Future Tense

CAPTCHA May Finally Be Dying. May It Not Rest in Peace.

CAPTCHA got you down?

Image by Kruglov via Wikimedia Commons

It now feels perverse, but about a decade ago, when I first encountered the CAPTCHA system, I found it … satisfying. Even vindicating. I can’t recall what gibberish words I first correctly deciphered, but it was a moment I’d been awaiting since third grade. That year, my teacher summoned my parents to admonish them for my abysmal, no-good, impossible-to-read handwriting. This would be a recurring source of recrimination for me, so it was a redemptive moment when I realized that this skill I’d acquired of reading poorly formed letters, honed over decades, was not only useful, but a defining characteristic of what separated people from machines.

At first, CAPTCHA felt like a simple and agreeable game. You played it quickly, strengthening your bond with the rest of mankind, putting off the day machines will roam the Internet freely, and perhaps come to rule over us in some dystopian Matrix-like future, and went on about whatever mundane task you’d been trying to do—buy concert tickets, post a comment, whatever. It was a pleasant interruption, like a kindly stranger asking you directions before you went on your way.

But like so many things in life, that initial glow faded quickly. Instead of a quick and painless waypoint, the CAPTCHAs got harder in an effort to keep ahead of ever-smarter bots. Solving one no longer recalled the satisfying click of a fastened seat belt, but instead was akin to achieving a perfect seal on a generic imitation of a Ziploc bag. You could do it, but it’d be annoying, and it would take longer than you’d want it to, and even then not work as well as it was meant to.

As the CAPTCHAs were getting harder, I realized I wasn’t seeing so well and went to get glasses for the first time. Now, each time I failed one of those tests, en route to registering for a website I didn’t really want to have to register for anyway, I was left wondering whether it was the fault of my weakening eyes or the algorithm. I was afraid of being enfeebled while still a young man, left behind by technology, and wondering if the kids in school now could solve these CAPTCHAs easily.

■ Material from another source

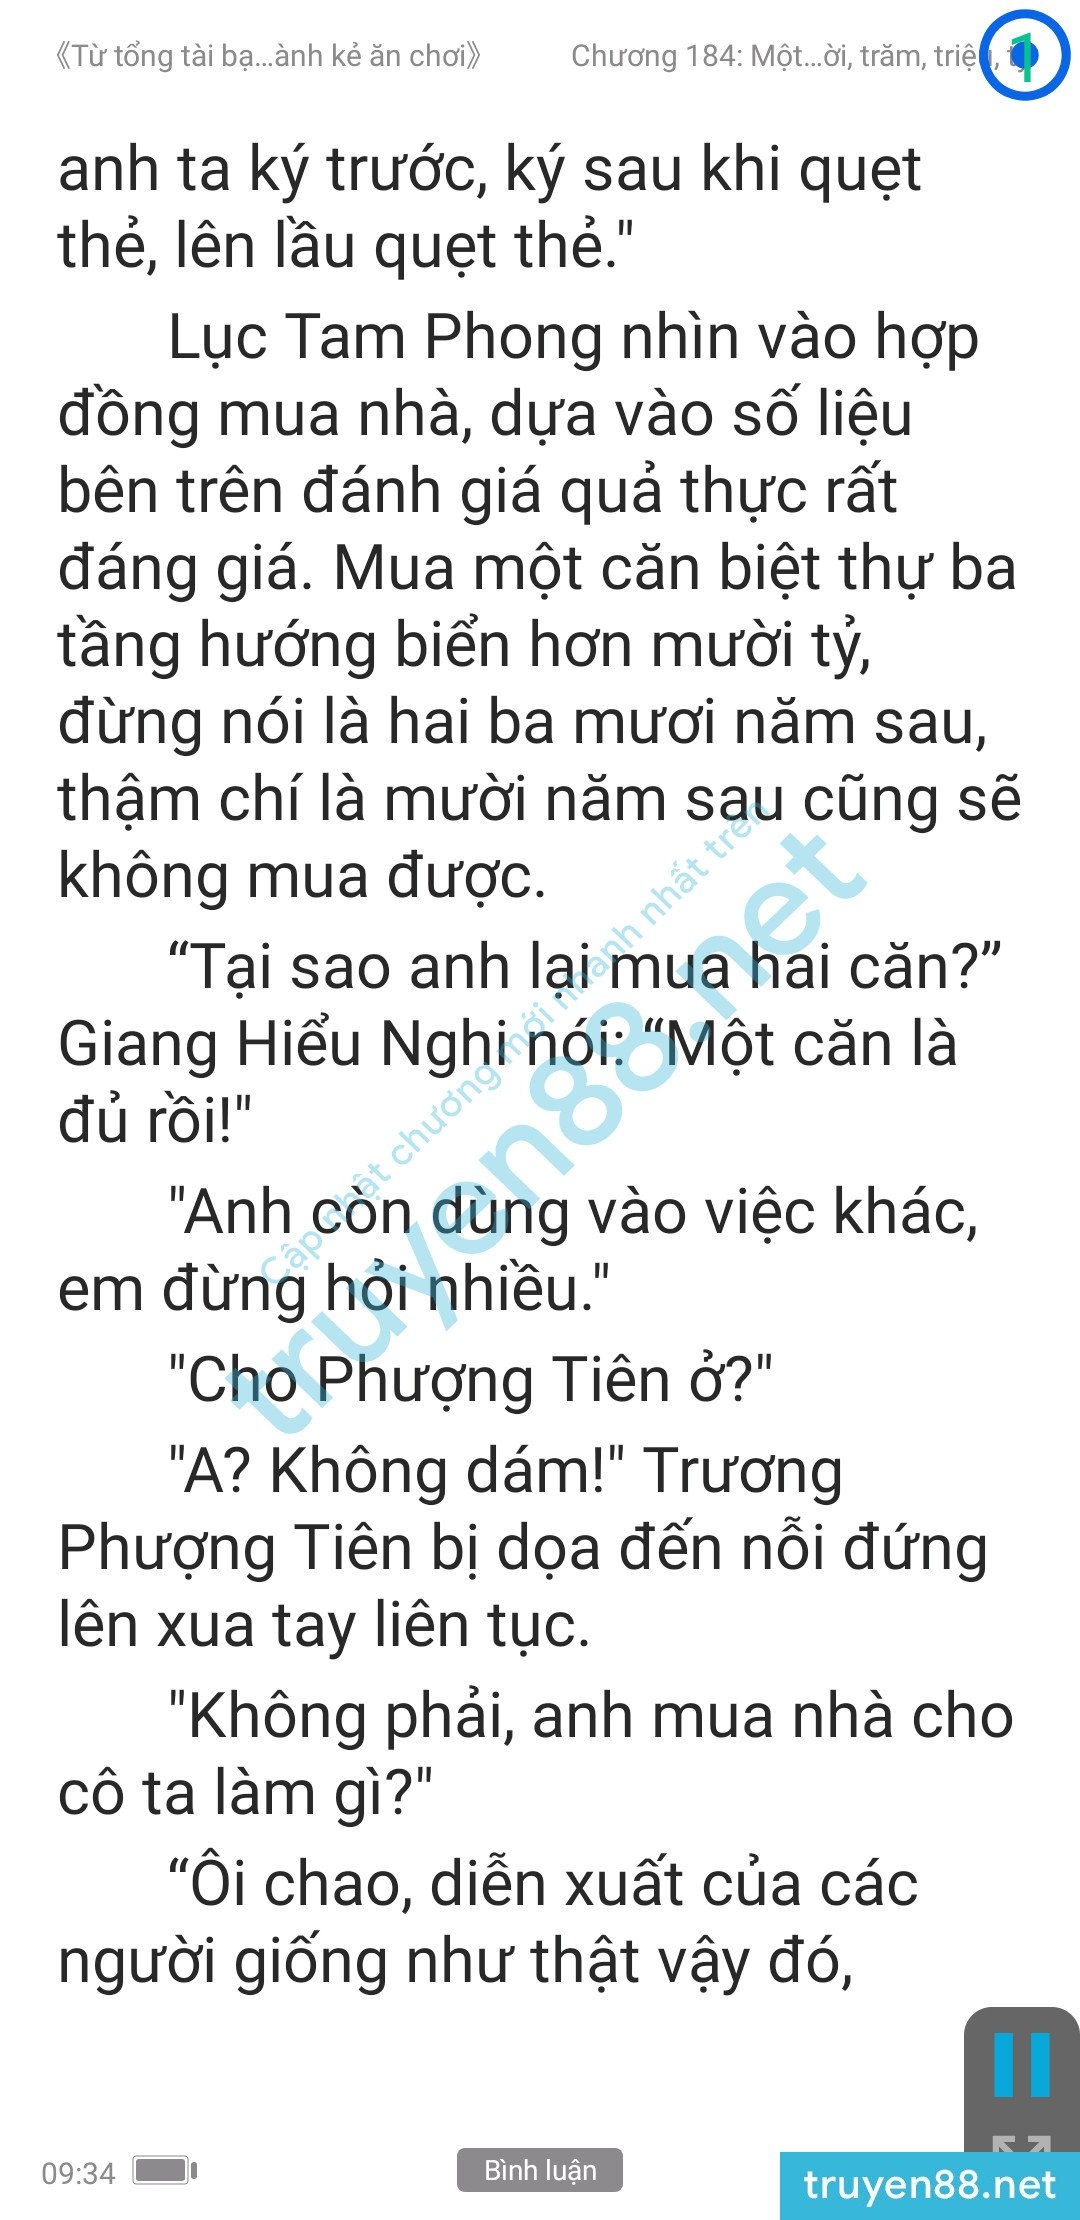 ke-an-choi-bien-tong-tai-184-0

So Wednesday’s news that Ticketmaster is abandoning CAPTCHA feels like a sort of vindication to me. It hasn’t just been me. The system is to blame.

If, though, this is progress after a fashion, let’s not take it to mean that computers are getting close to passing as human. CAPTCHA set out to be a way for a computer to be able to distinguish between one of its fellows and a person. The Turing test asks whether a human can make that same judgment, which is a very different question.

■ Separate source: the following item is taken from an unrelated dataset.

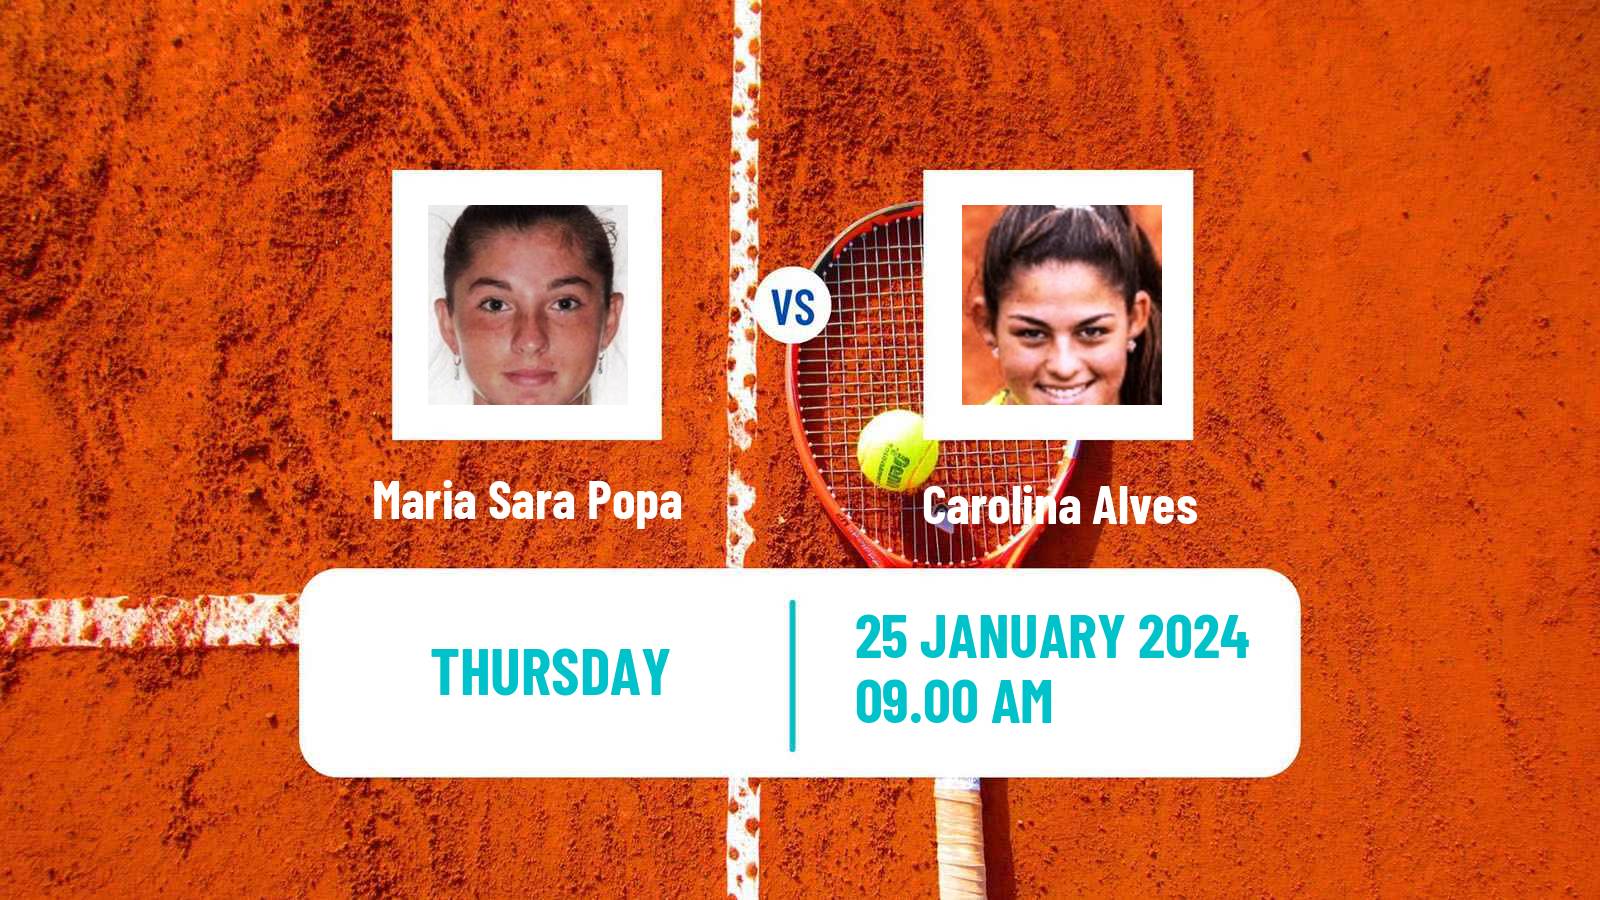 Tennis ITF W35 Buenos Aires 2 Women Maria Sara Popa - Carolina Alves

Ticketmaster customers will now face “phrases, questions or ads” during check-out. One would imagine that asking questions about the world might be a risky proposition, ignorance being rather more widely distributed than one would hope. It’s hard to come up with questions that can be reliably answered by any human being that stumbles across a given website. Another CAPTCHA alternative relies on authenticating users’ identities via credentials issued to them by Facebook, Google, Yahoo, and the like. CAPTCHA, for all its frustrations, was a mechanism that allowed for anonymity. You didn’t have to prove who you were, merely that you were. The loss of anonymity online brings a whole new set of headaches, more enduring and harder to parse than the transient ones brought about by a struggle with wobbly characters.

But I won’t miss trying to tell a 0 from an O, H from 4l, or q from g. It will make a funny story for future generations, that for about a decade at the beginning of the century, we’d agreed as a society that the defining mark of our shared humanity was an ability to read bad handwriting.